スカーレットは成長が速いのかもう立ち上がってふらふらとだが歩けるようになり、言葉も辿々しいが話せるようになっている。
(俺はまがい物のだけどあの子は本物の天才なのかもしれないな。)
そんなことを考えながら俺は夜も更けた村の中を走っている。
俺は半年前から毎日この寝静まった時間に体力作りのため、ランニングをしている。3歳の子がランニングしてるところを見られると何かまずいことが起こるかもしれないと考え、誰も起きていないこの時間に走ることにした。
そしていつも通りランニングを終え、暗いリビングで用意していたお茶を飲んでいたのだが…
ガチャッと扉が開くような音が聞こえた。
(ん?扉の音…玄関の方か?)
コップを置いた後、音の出処を確認するためにリビングを出て、ゆっくり玄関の方へと向かうが…何も変化はなかった。
(なんだ…?気の所為だったのか?いや、念のため確認するか…)
そうして一通り家を確認するが家族以外に人がいるような痕跡はなかった。
(…なら外に出ていったのか?でもそれならそれでこの家に痕跡が残らないのは謎だ…)
そう考えながら玄関に戻る。
(やっぱり気になるから少しだけ確認してみるか…)
そうして、玄関の扉を開けると微かに音が聞こえる。
「遠くはないな…」
そして、家の横、小さな庭になっている場所から聞こえてくることを確認して息を殺して近づく。
「…」
そして、角についたシュウはゆっくりと角の先を覗き込む。
…
……
………
その先にいたのは腕立て伏せをしているスーだった。
「なんだ…スーが腕立て伏せをしているだけか。

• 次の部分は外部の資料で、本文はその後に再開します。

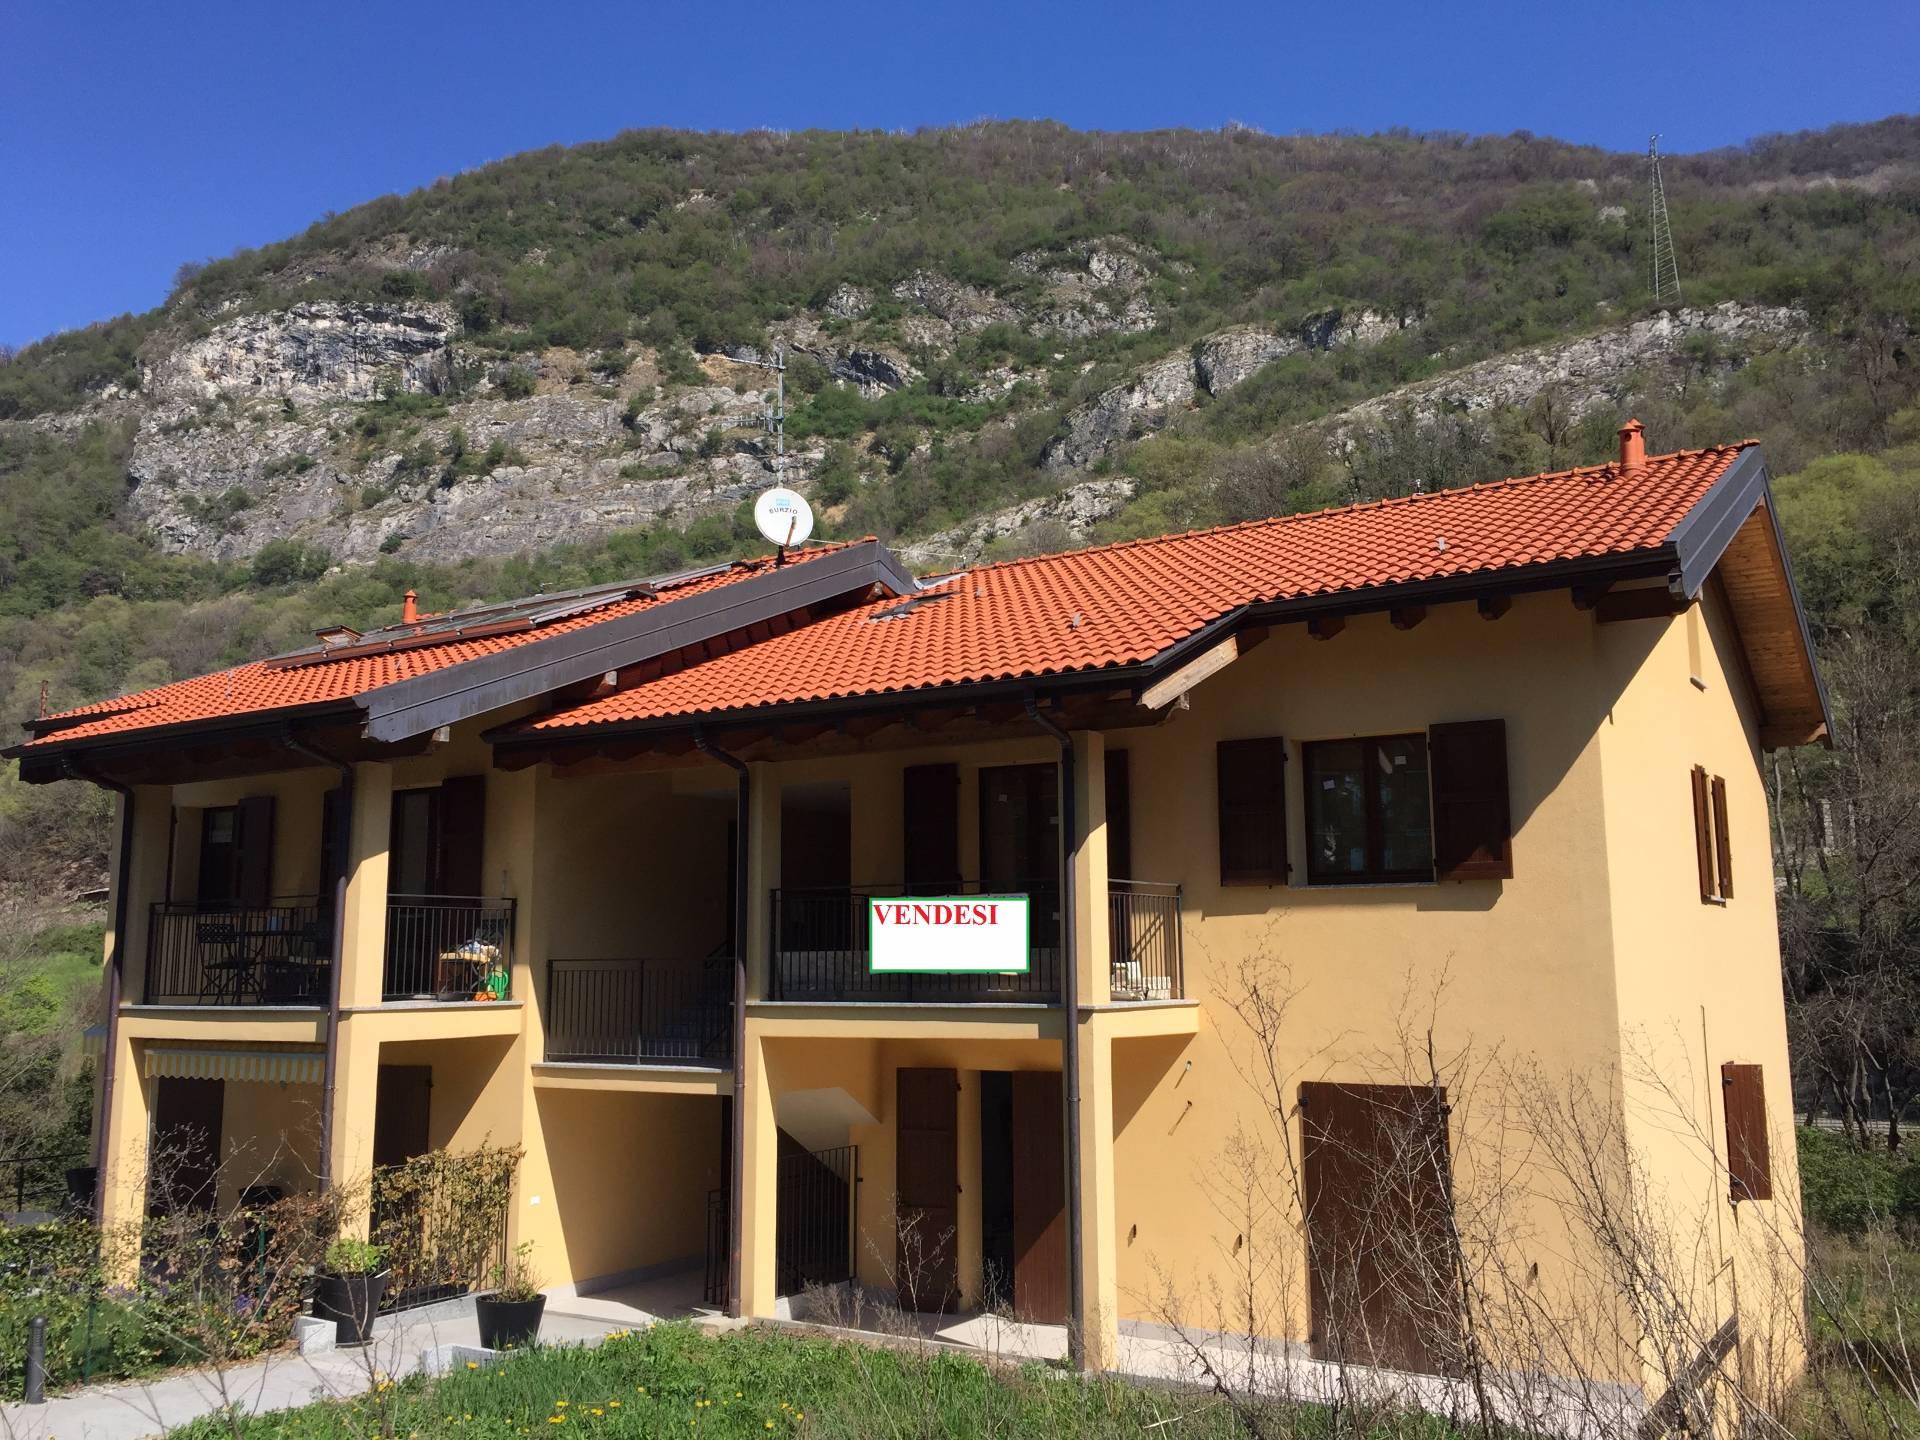 Appartamento in vendita a Canzo, 3 locali, prezzo € 130.000   CambioCasa.it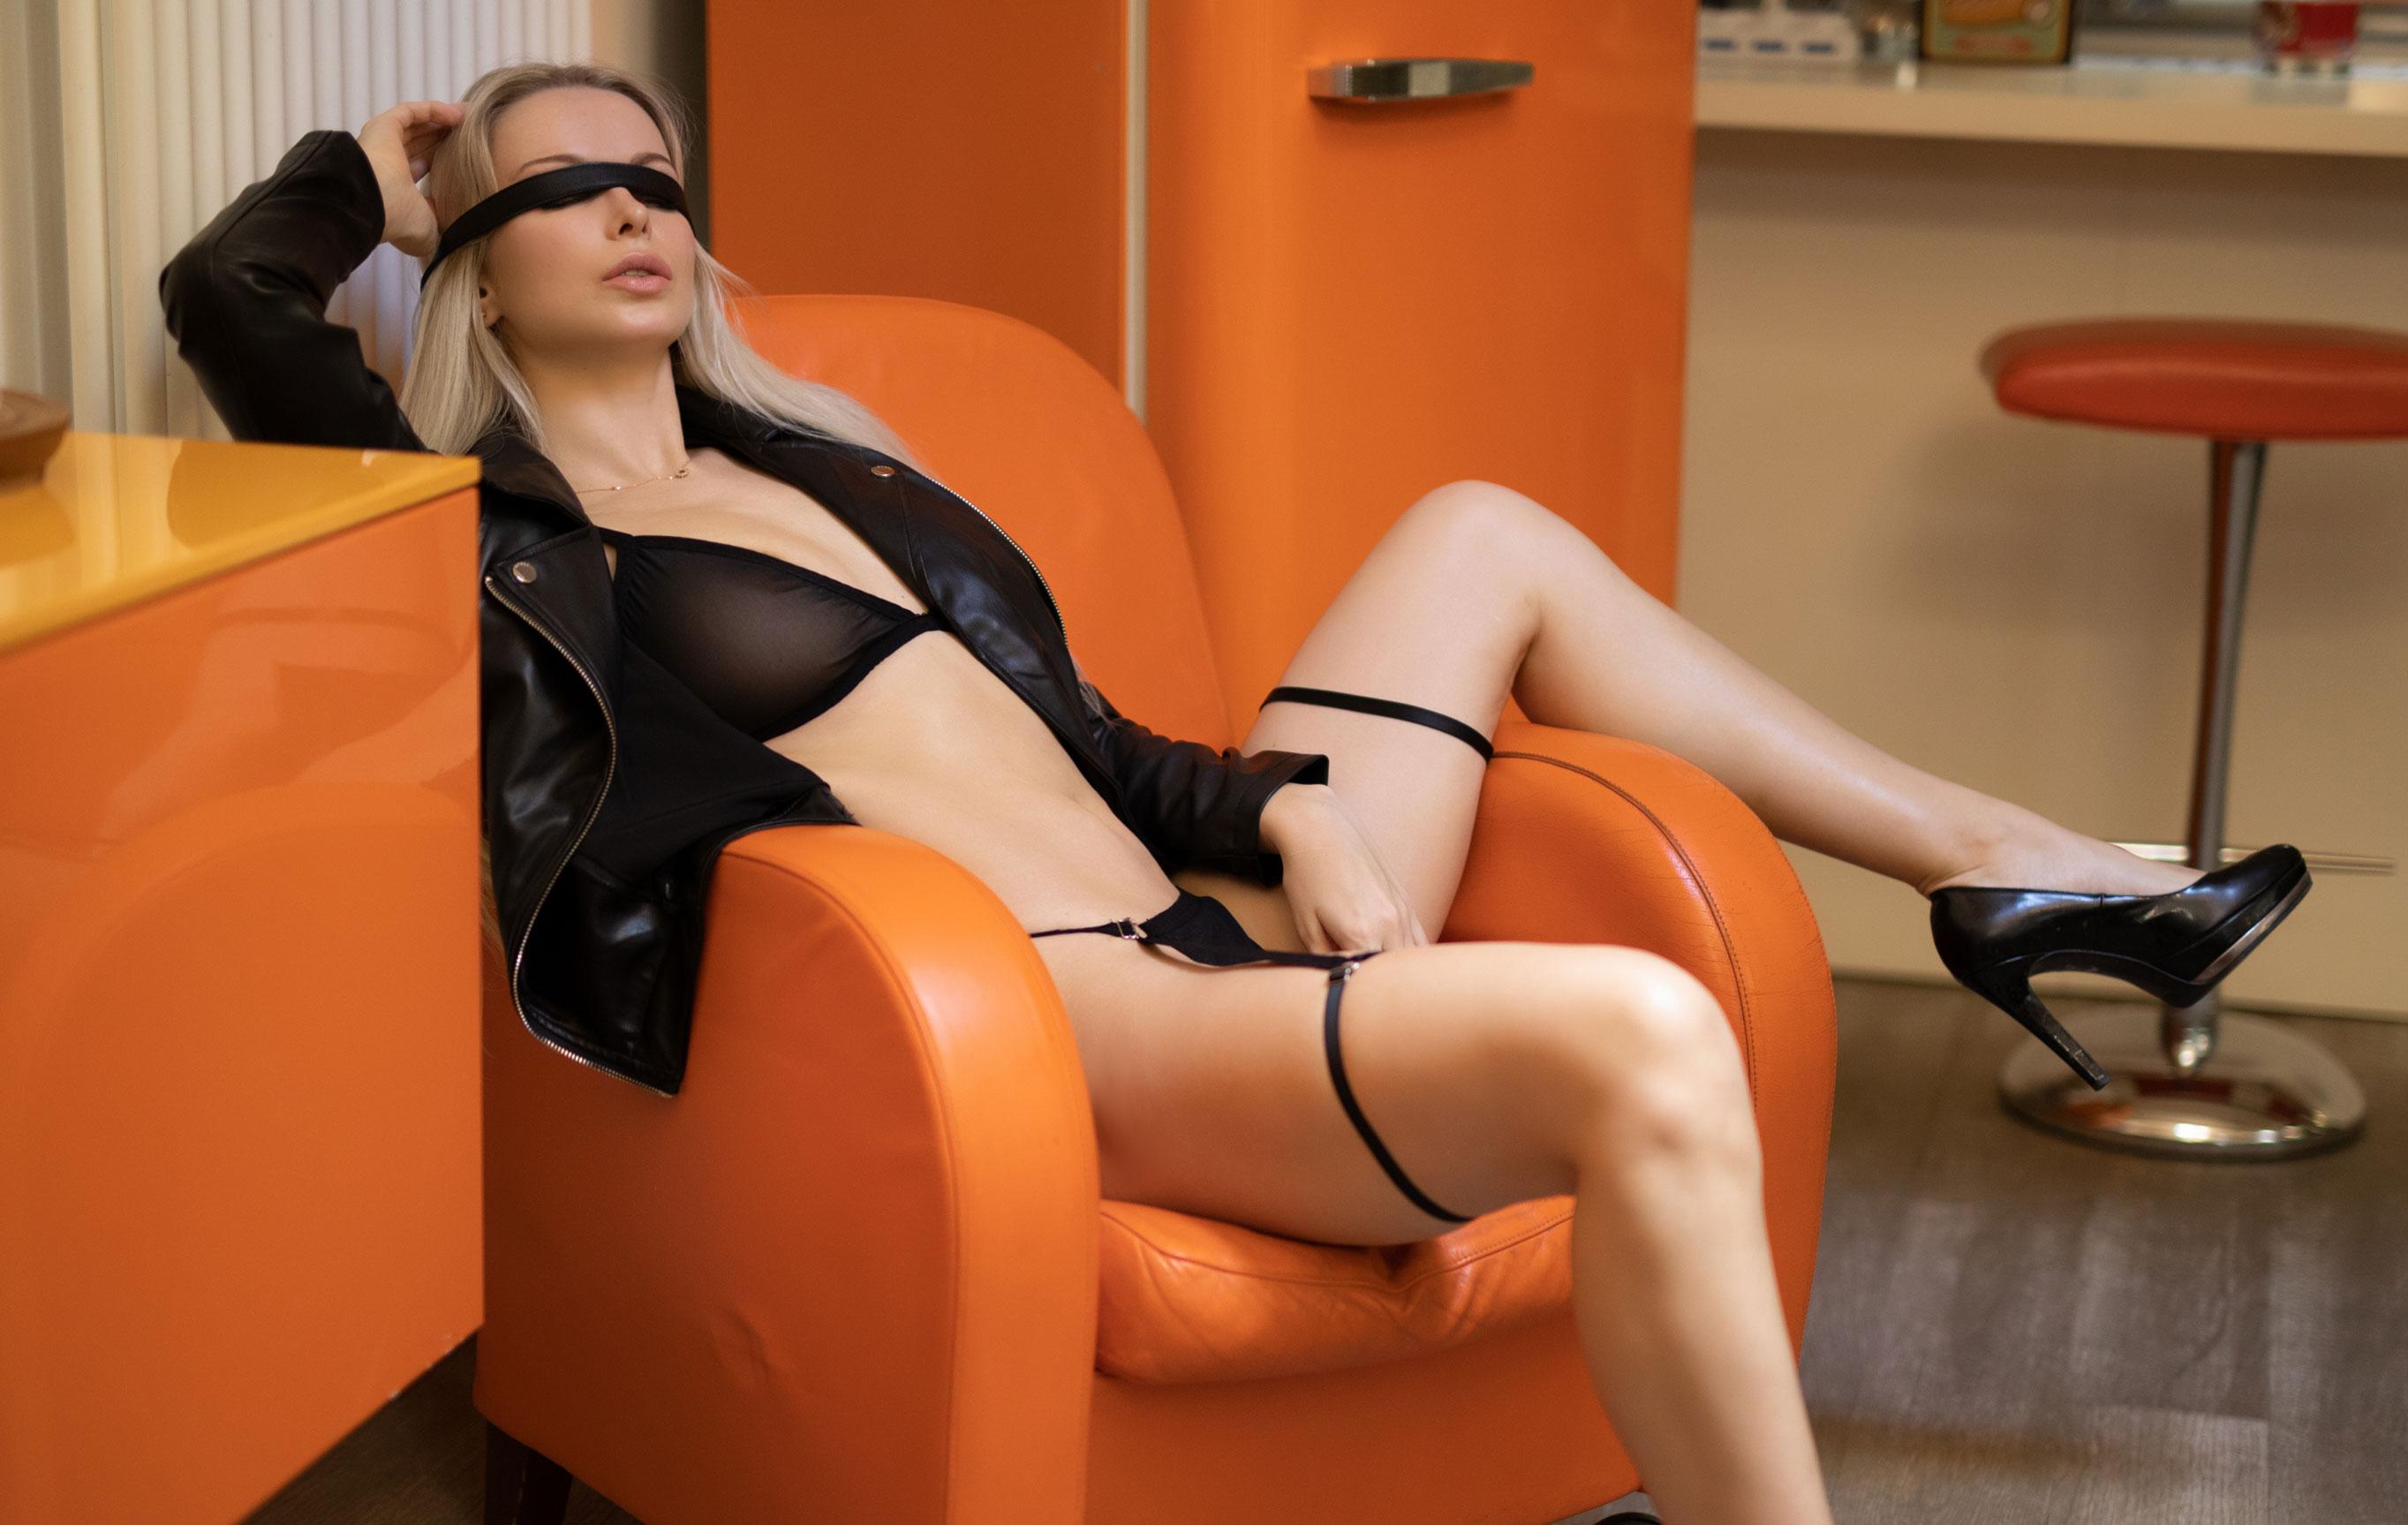 Екатерина Енокаева в черном белье и кожанке в винтажных интерьерах / фото 01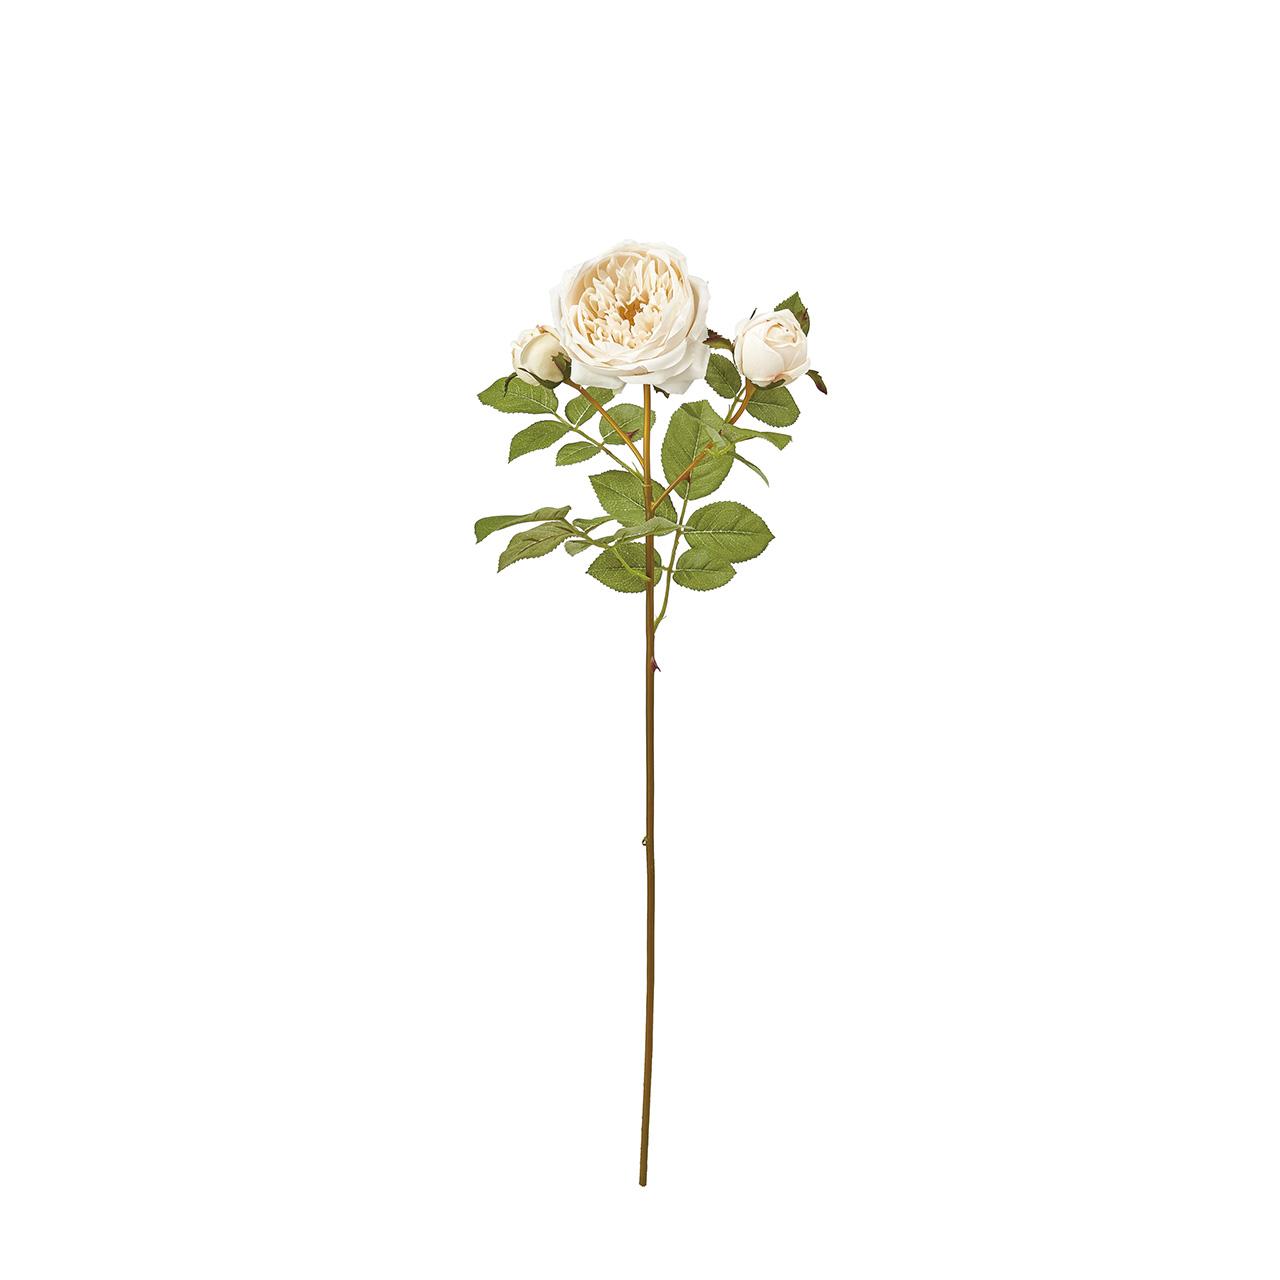 サステナブル アーティフィシャルフラワー(造花)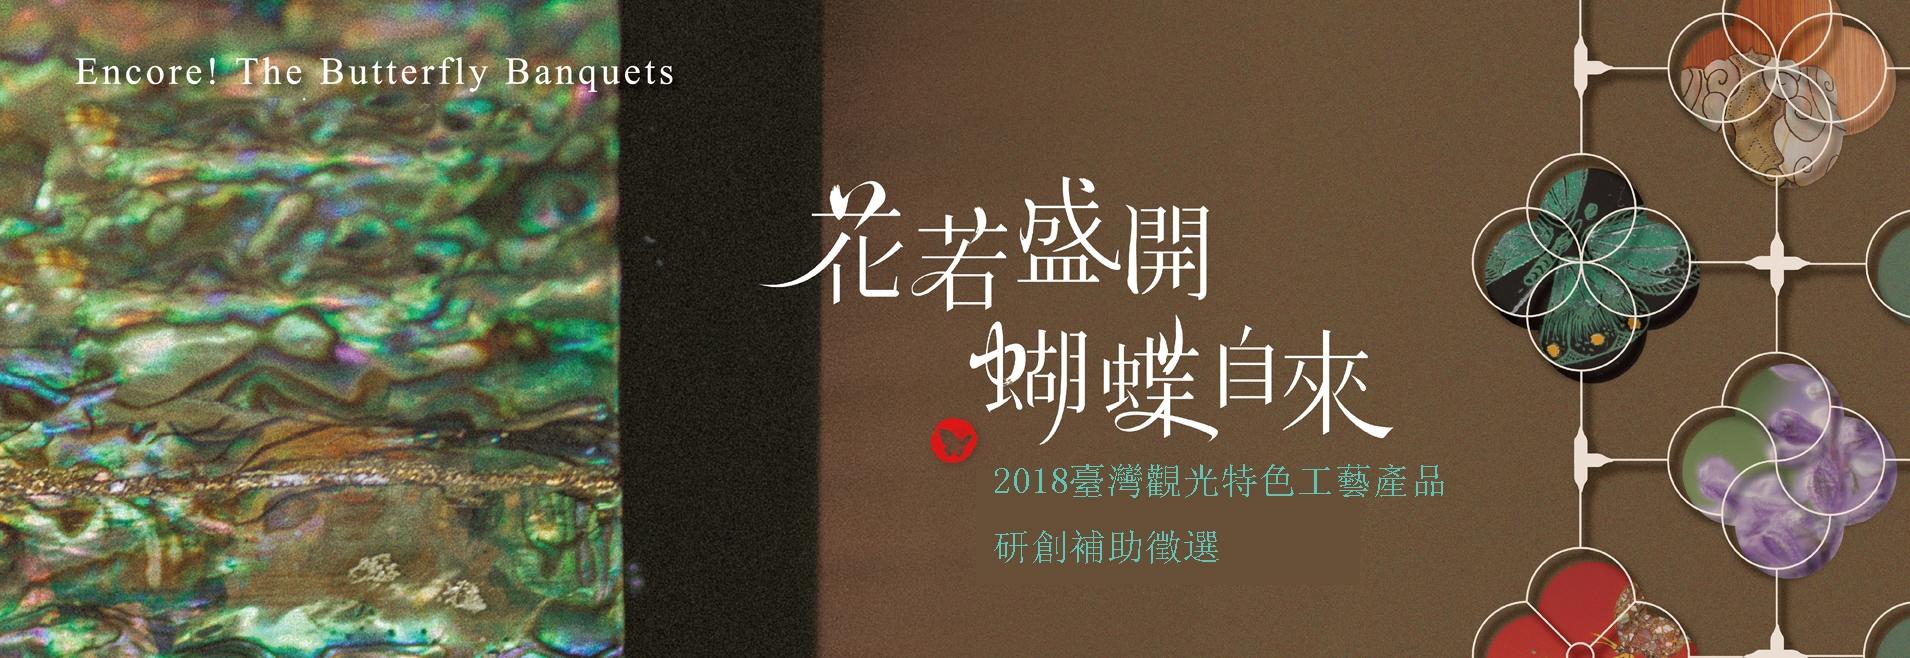 花若盛開,蝴蝶自來2018臺灣觀光特色工藝產品研創補助計畫[另開新視窗]

」
拍子抜けしてやれやれと言いながら玄関へと戻…
(え?)
そしてさっき自身が発した言葉を改めて考える…
(そんな馬鹿な…)
その結果に動揺しながらも答え合わせのために再び覗き込むとやはり、そこには腕立て伏せをしているスーがいた。
「うん………」
そうして、俺の頭は一瞬思考停止し、脳裏には宇宙が広がったがすぐに意識を取り戻した俺は現実逃避をするかのように静かに退散…
ボキッ…
「あっ…」
「え?」
俺は真下の音の正体である木の枝に視線が誘導された後、スーのいた場所に視線を戻す。
「………」
「………」
そして目が合ってしまい、互いに気まずい沈黙の時間が流れ、お互い汗がダラダラダラダラと滝のように溢れだす。
「……バ」
「バ?」
「バブーバブー」
そして沈黙を破ったスーがハイハイしながら周囲を移動し始めた。
「なーんだ、そうだよ。気の所為に決まってるよな。腕立て伏せとハイハイを勘違いするなんて俺もおっちょこちょいだなぁ…いやー本当。」
そうして納得した俺は玄関に戻…
「ほっ、なんとかごまかせた…」
「そんなことで誤魔化せるかぁ!」
「ですよねぇ!!」
俺は盛大にツッコんでしまった。